Chennai

Notes of harmony

It rained melodies at Ramya Nandakumar’s light music show

Ramya Nandakumar’s Amruthavarsham (with Eternal Music as its tagline) is not a run-of-the-mill light music show. A couple of years ago, when it felicitated Vani Jairam, even the famed singer was in for a surprise. On turning into Habibullah Road on her way to German Hall, where the event was organised, she was welcomed into an open car bedecked with flowers and taken in a procession to the venue. This time too, at Kamarajar Arangam, unique features were aplenty. The show was held for a cause — the welfare of musicians and education for their wards.

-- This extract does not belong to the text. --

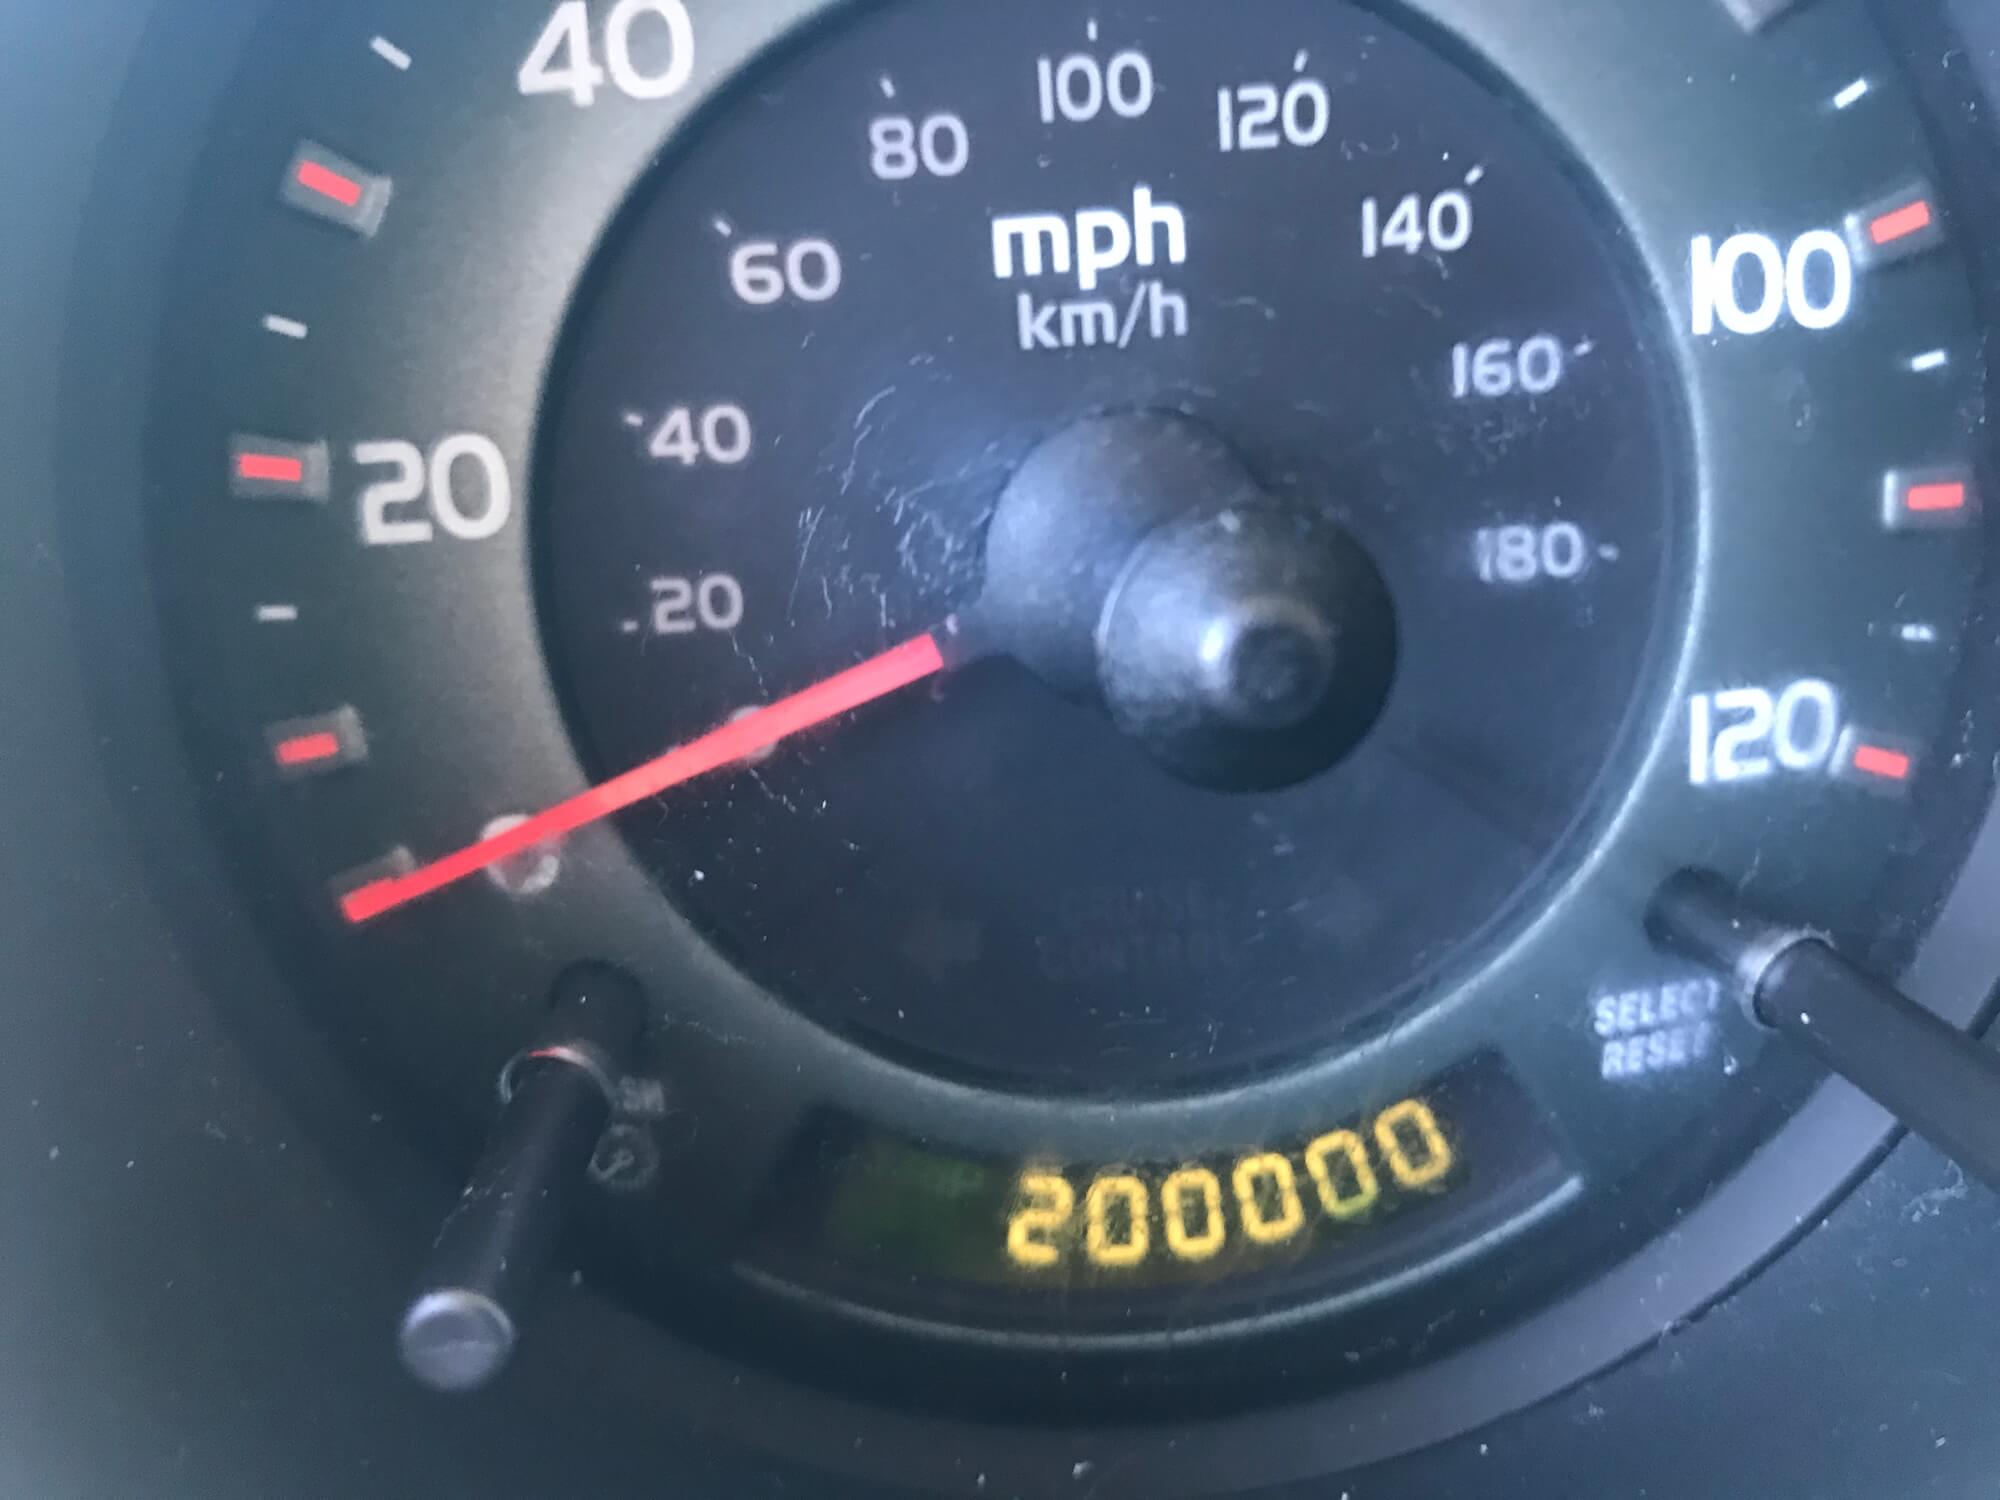 200k miles milestone for the car

The word ‘Harmony’ in the tongue-twister of a title (ISAI Pattaasugalin Harmony Saravedi) piqued my interest. Did it imply that it would be a line-up of songs that included a chorus? The conjecture was correct — almost all the numbers presented had harmony support.

A tableau of 50 singers and more than a dozen musicians — men in white, and women in black — adorned the stage. Carefully-selected songs had them chorusing away delightfully throughout. Generally, AR Rahman’s numbers are considered challenging for stage shows. Yet Amruthavarsham pulled it off. The ‘Veerapaandi Kottaiyile’ song was a case in point. Plaudits to Sujatha Venkatraman, the conductor of the song.

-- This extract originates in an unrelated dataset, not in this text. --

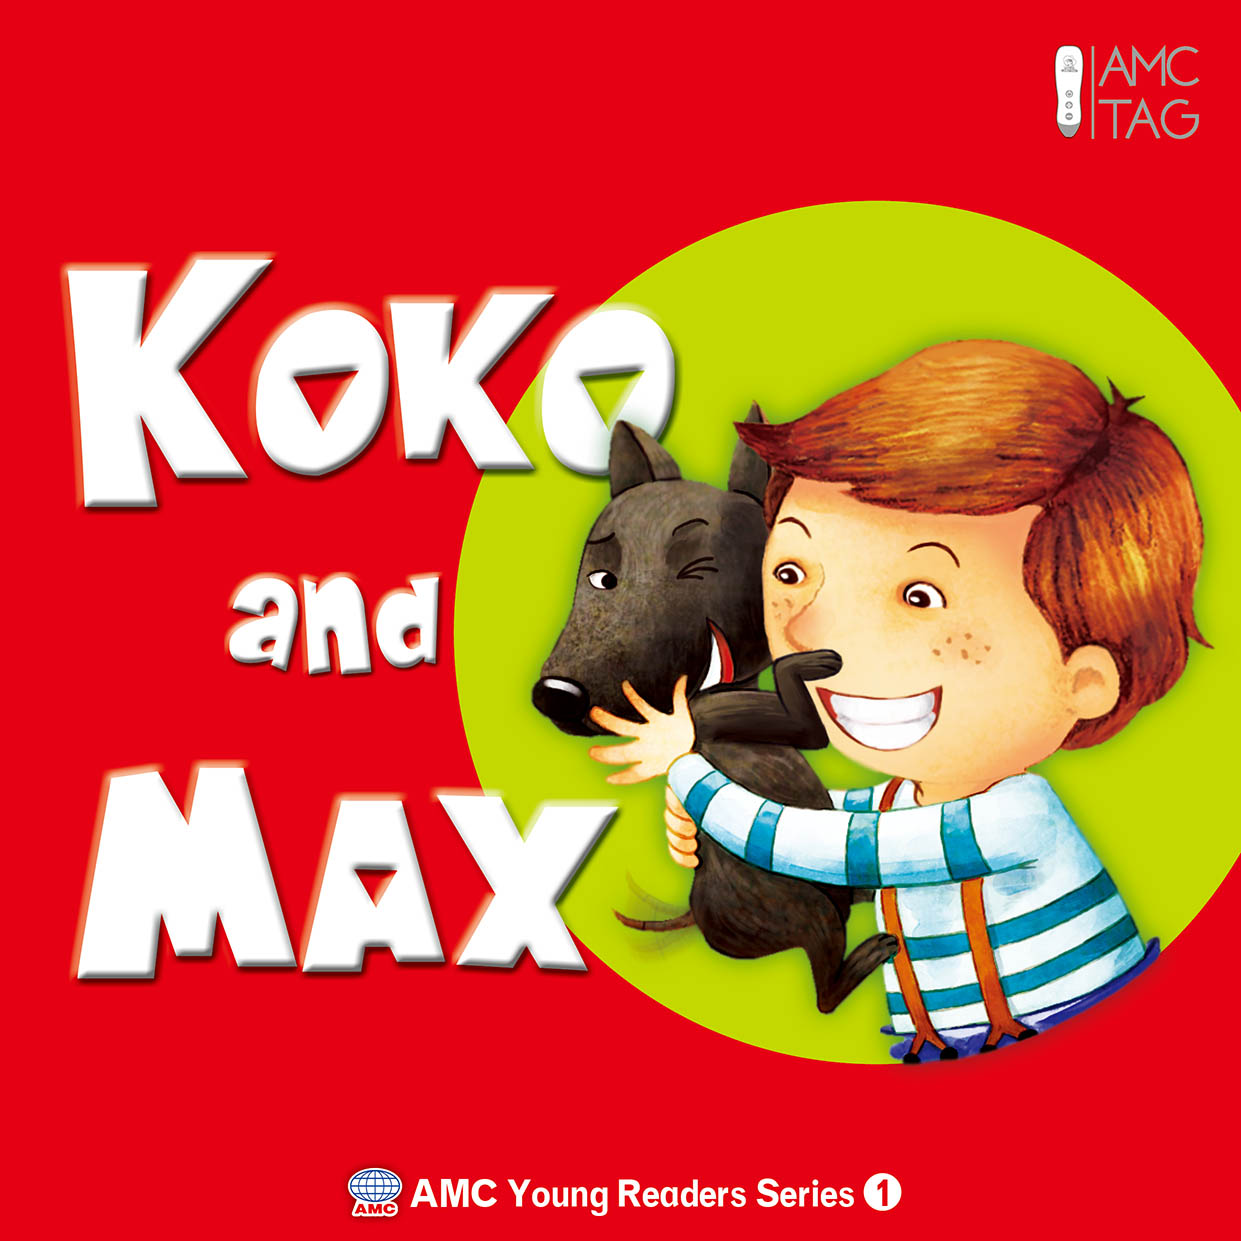 Koko and Max

Opening with Ilaiyaraaja’s scintillating theme music of Raja Paarvai, the evening was more an Isaignani musical. Ilaiyaraaja had used 140 musicians for the scintillating melody, ‘Sundari Kannaal’ (Thalapathi). Amruthavarsham made an impact with around 12! His ‘Manidha Manidha’, originally sung by Yesudas, was another such demanding composition that was presented on stage, probably for the first time. The magic of late singer Shahul Hameed’s voice was poignantly re-created by his brother Shamsuddin with Rahman’s ‘Rasathi En Usiru,’ for which chords alone were used.

The evening had its downsides too — unintended vibratos, off-key notes, missed cues… When special invitees, composers SA Rajkumar and Dhina, arrived at least two hours late, and then gave platitudinous speeches, it irked, more because other singers were waiting their turn and time was running out. The angst of rehearsing for days on end only to sing to a near-empty hall can be disconcerting. When eventually Nandakumar exhorted the few people around to stay on, it was well past 10.

Jairam, who arrived on the dot and stayed on till almost the end to encourage the troupe, was an admirable contrast.